When AMP took its financial planners to an offshore conference in Amsterdam in 2006, it took the opportunity to quiz them on the biggest challenges facing their businesses. Top of the list, with more than double the score of the second-placed item, was the recruitment and retention of good financial planning staff.

That set in motion a series of events that culminated in October last year with the launch of the AMP Horizons Financial Planning Academy – a facility operated and funded by AMP. So far, 124 would-be planners have gone into the academy, in four separate intakes. It costs AMP roughly $100,000 to produce a successful graduate, so it represents a significant investment of money and time for the financial services giant.

However, a stream of new planners helps relieve some of the growth and succession planning pressures for AMP practices, and the group considers it money well spent.

Tim Steele, director of the academy, says succession planning, in particular, is “an issue that has been there for a long time”.

“Like any institution in the country, we needed a strategy to develop our next generation of financial planners,” Steele says.

“It’s important for an institution like AMP to grow its planners organically.

“We also knew that there are a lot of people out there in the marketplace who have considered a career in financial planning, but there was not a clear path for them.

“A number of people had considered careers [in financial planning], but because of that lack of clarity, they chose another path.

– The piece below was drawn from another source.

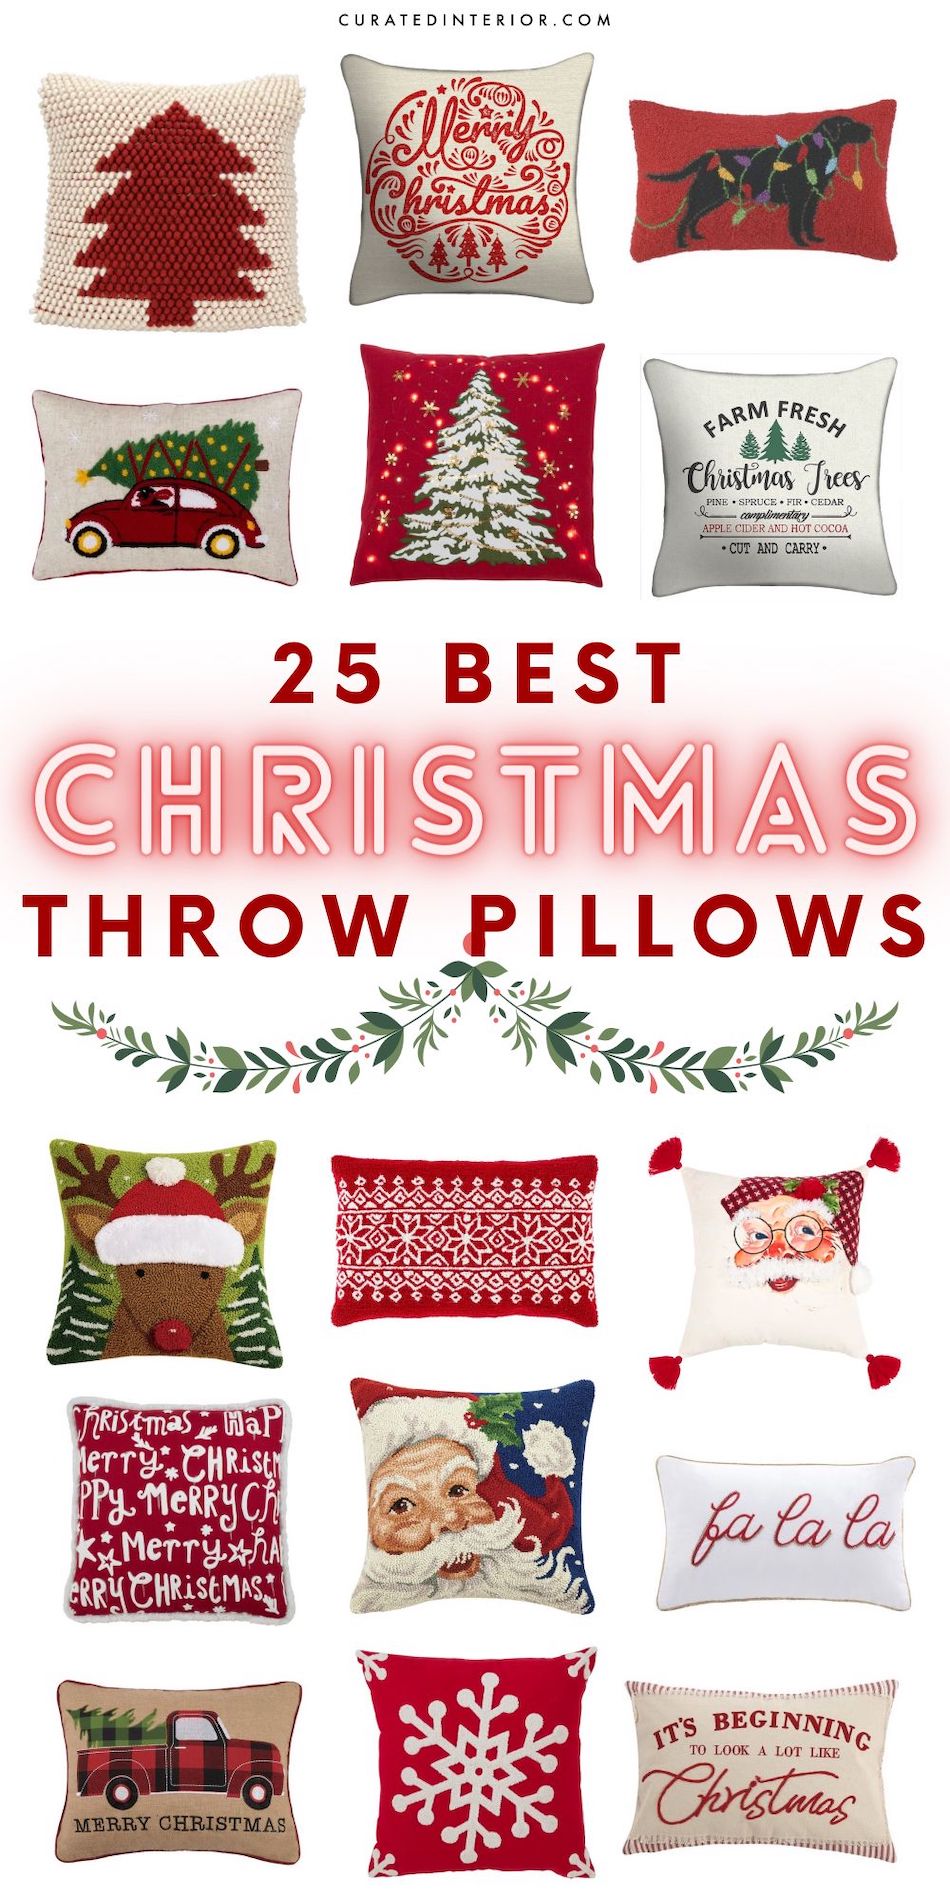 25 Best Christmas Throw Pillows for 2020

We thought there was an opportunity to dip into that pool of talent.”

This approach means that an intake into the academy generally will not include individuals straight out of school or university, nor anyone who has already embarked on a career in financial planning – it’s not a “finishing school” for planners, as such, but a mechanism to source new talent.

A successful candidate will typically have already enjoyed success in their chosen field, and will have several years’ experience. There’s also a set of personal characteristics that AMP looks for. Candidates go through a rigorous vetting process before they are accepted into the academy.

They must have the emotional maturity to relate to clients and an ability to sell.

“We look for core drive,” Steele says. “There’s three key things we look for: a certain IQ – you have to have a certain nous to be a financial plan­ner; you have got to have EQ [emotional intelligence], including communication skills – you have got to be a good listener; and you’ve got to empathise with the client.

You’ve got to have all these things but if you do not have that core drive, you may still struggle in the profession.

“I think it [requires] a lot of emotional intelligence, and the ability to build a rapport quickly with someone.”

Steele says a “flight to professionalism” in financial planning means the old-fashioned salesperson no longer has a place. But sales skills are still important – it’s no use to anyone if a planner cannot get a client over the line and to commit to taking action.

“Our obligation as planners is to help clients make decisions, not just inform them,” Steele says. “They have to make a decision. Their decision may be, ‘I am not going to do anything’, but they have made that decision.

“We’re unapologetically looking for people with sales skills. It’s not that we want our planners to be ‘salesy’, far from it.

“But we’re in a profession where we offer discrete advice. Unlike going to see a doctor, unlike having to file your tax return, it’s unlikely someone is going to wake up and say ‘I have come to the conclusion that I need to rebalance my portfolio’, or ‘I have come to the conclusion that I am underinsured’.

“That’s a very important distinction, so you have to have some sales skills, without being ‘salesy’. We’ve moved beyond [just sales] as a profession, but certainly, some sales skills are important.”

A key element of the academy program is a two-week internship. After six weeks of intensive on-site training at the academy’s St Leonards campus, north of Sydney, candidates do a two-week internship, “ideally in the [AMP] practice that’s going to recruit them”, Steele says.

Practice heads who are prepared to take on interns are part of the panel that interview potential candidates at the outset – but in any case, the internship provides a practical insight into how financial planning works and how to apply what they’ve learned in the first part of the course.

When the internship is completed, candidates return to the academy for a second six-week stint. It is not for the faint-hearted, Steele says.

“It’s a pretty intensive introduction [to financial planning],” he says.

“It’s 50 to 60 hours a week. This is very challenging – they are going to have to put any other education they are doing on hold, and…they are going to have to put their family commitments [on hold].

“But really, 12 weeks is such a short period of time to teach all the things we know they are going to need.”

Graduates are restrained from working for a non-AMP practice for a period of six months after leaving the academy. Steele says that about a fifth of the graduates from the academy go on to start their own financial planning practices, under the AMP banner.

“Some of them are attracted to the program for that opportunity,” Steele says.

“But I will say that almost all of our planners are strongly equity-aspirational, so they are doing this ultimately to be a partner in their own financial planning practice.”